There was something strange going on when I measured the transformer last time, and since that I've gotten a few pointers from visitors to the blog and the CAD_CAM_EDM_DRO list.
I now did a test without the inrush current-limiter, and it does make a difference. It is rated for 8 A continuous current, but apparently it limits current much before that...
Now the 'AC load' line is measured by hooking up resistive loads to the secondary windings (no rectifier or caps), and it shows a series resistance of about 0.3 Ohms, or similar to what can be measured with a multimeter over the secondary windings. So at least the transformer seems to be working.
Then I hook up the secondary to the diode bridge and the caps and connect the same set of resistive loads as before. That's the 'DC load' measurements above. There again I see a big drop in voltage at first that then levels off somewhat. For the points above 5 A current the voltage drop is around 2 V per amp, or about a 2 Ohm effective series resistance. Also, the transformer does not emit any sound at all during the AC test, but now with the rectifier and caps when I load it up there is a slight 'humm' sound(probably 50 Hz and its harmonics).

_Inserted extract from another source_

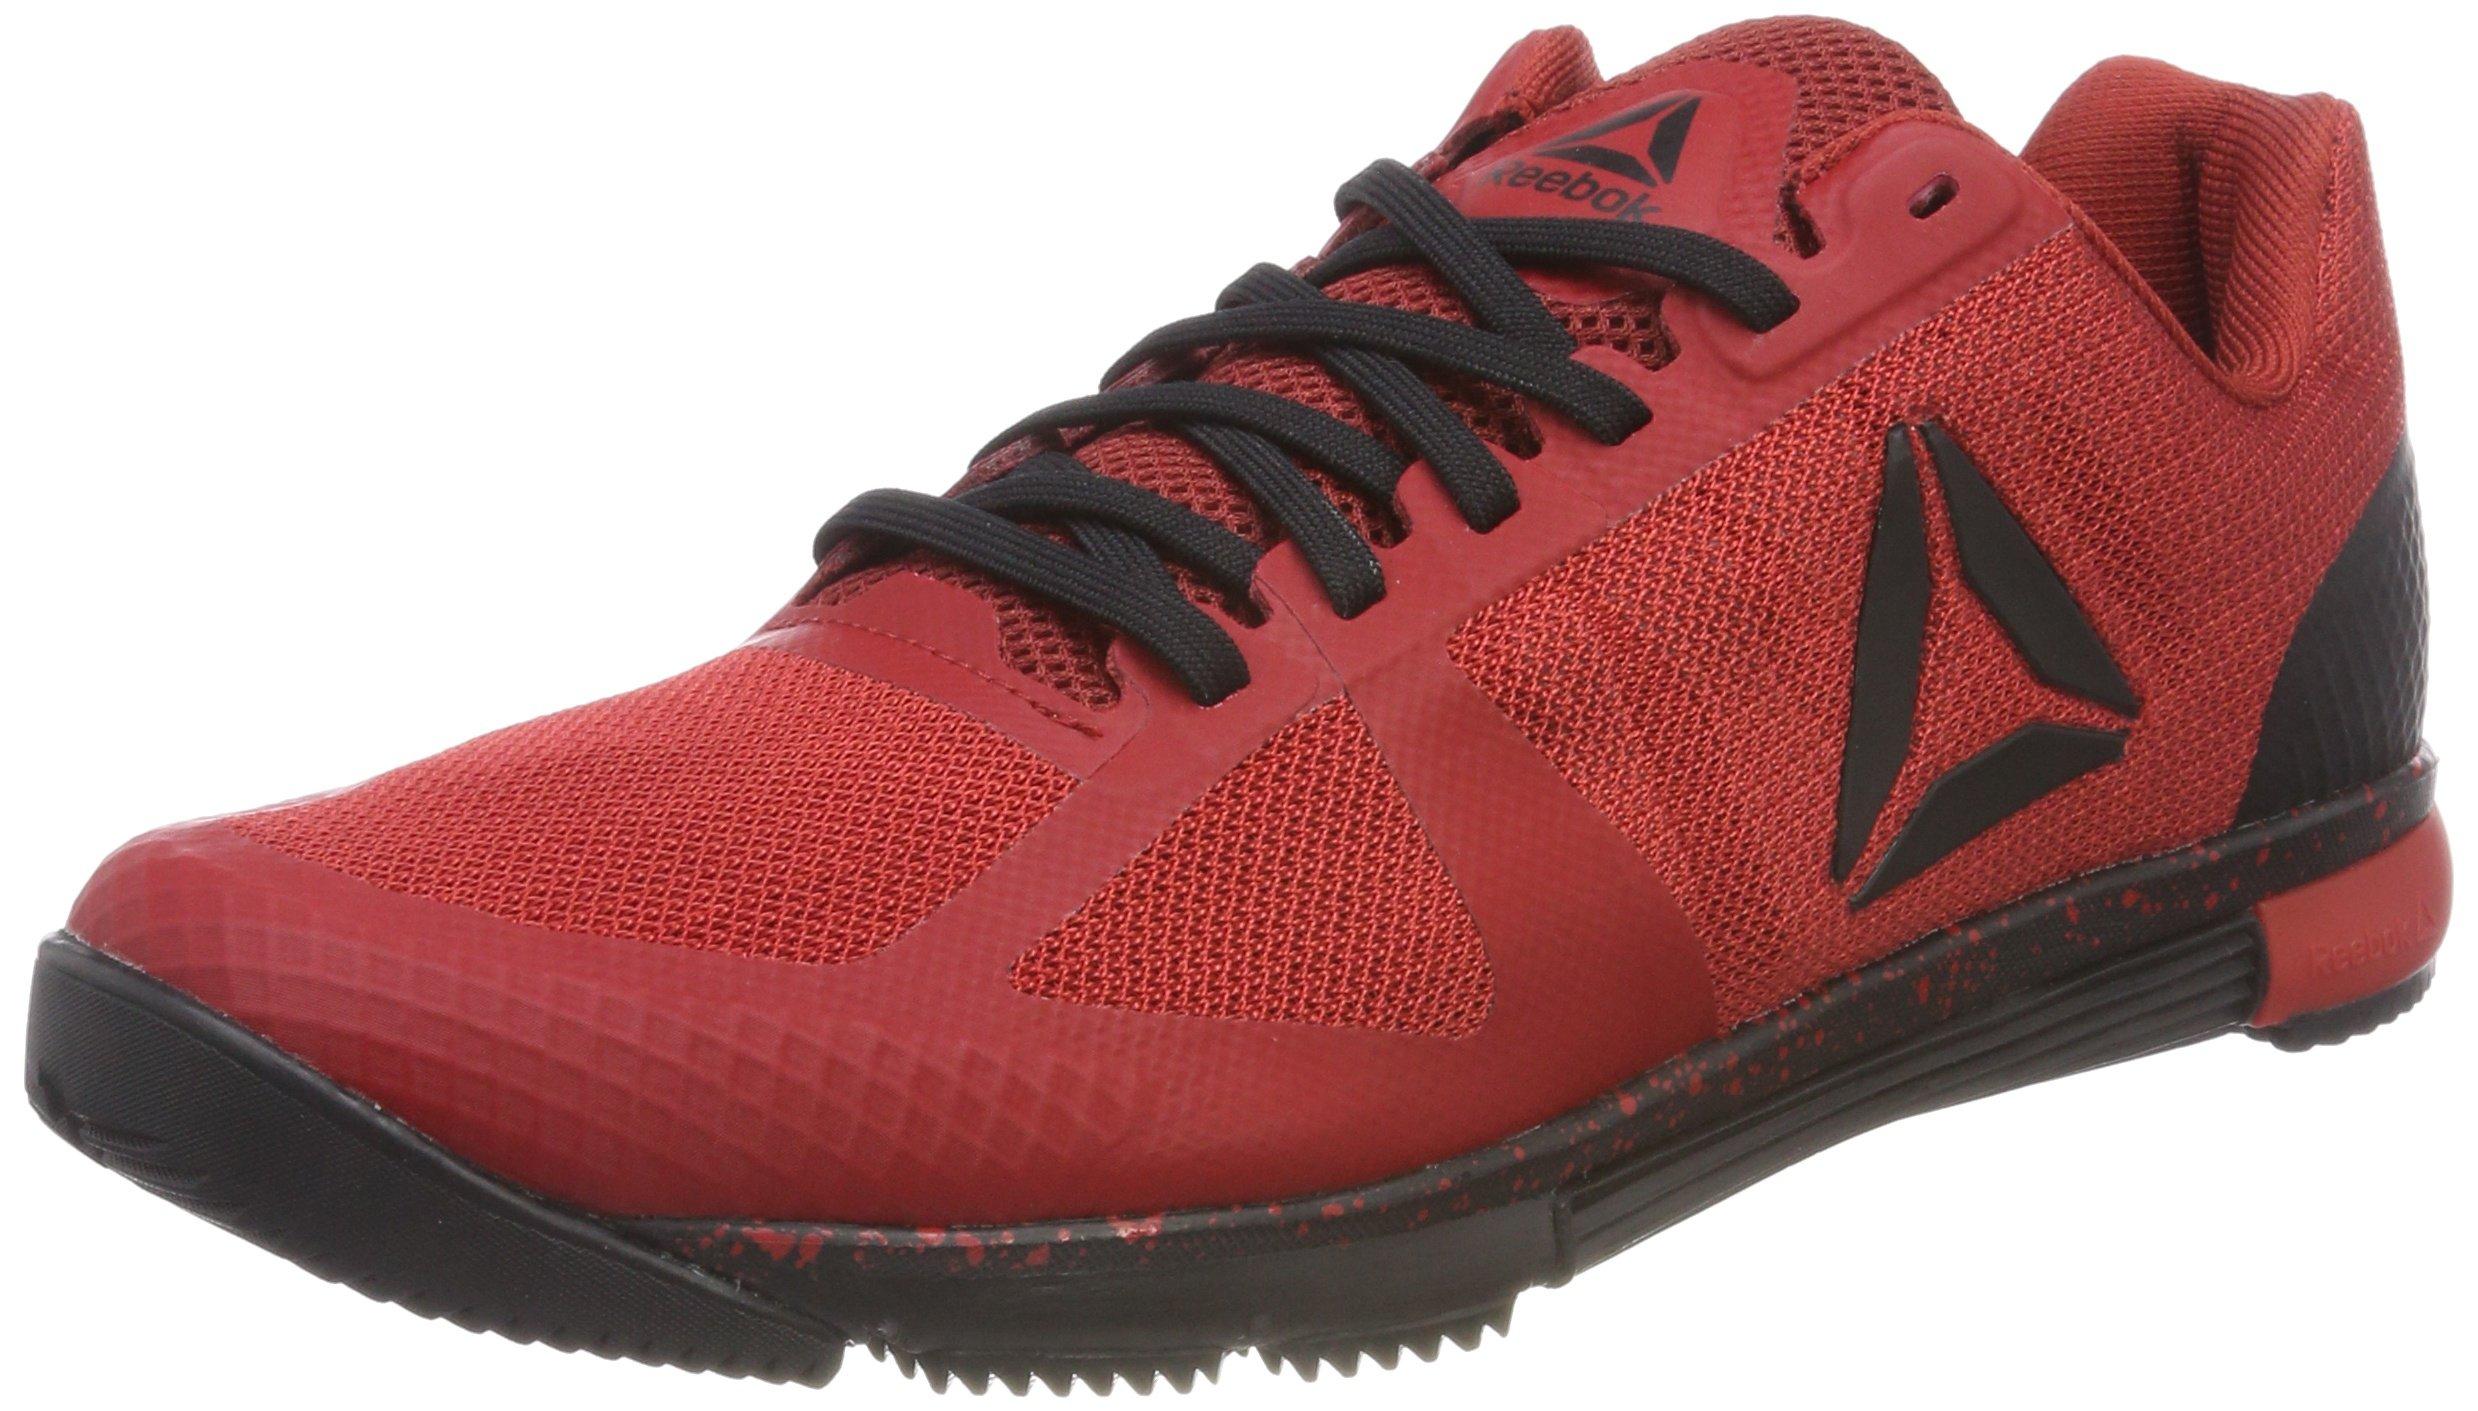 00040 Red Reebok primal Fitness De black Magma Speed Eu HommeRougerich 5 TrChaussures VUGMqSzp

I wonder if that 2 Ohm is typical or if there still is something strange going on? (could the rectifier bridge be too small? Anything wrong with my 4x 10 000 uF 100 V electrolytic caps?)
I tested this with one bridge rectifier GBPC5004 rated at 400V/50A and another one, a GBPC5010 rated 1000V/50A, but the results are the same. Looking with an oscilloscope at 6 A load at the DC voltage there is about 1.4 V of ripple.
David LeVine had a good point in the previous post which might just explain this. At relatively low load, "duty cycle" of transformer may be for example 10%. So if you draw 1Amp, transformer sees 10A load at 10% duty cycle. That would equal 10x larger voltage drop compared to pure sinusoidal load which appears always as 100% duty cycle load.
PFC circuit can be used to rectify AC more efficiently.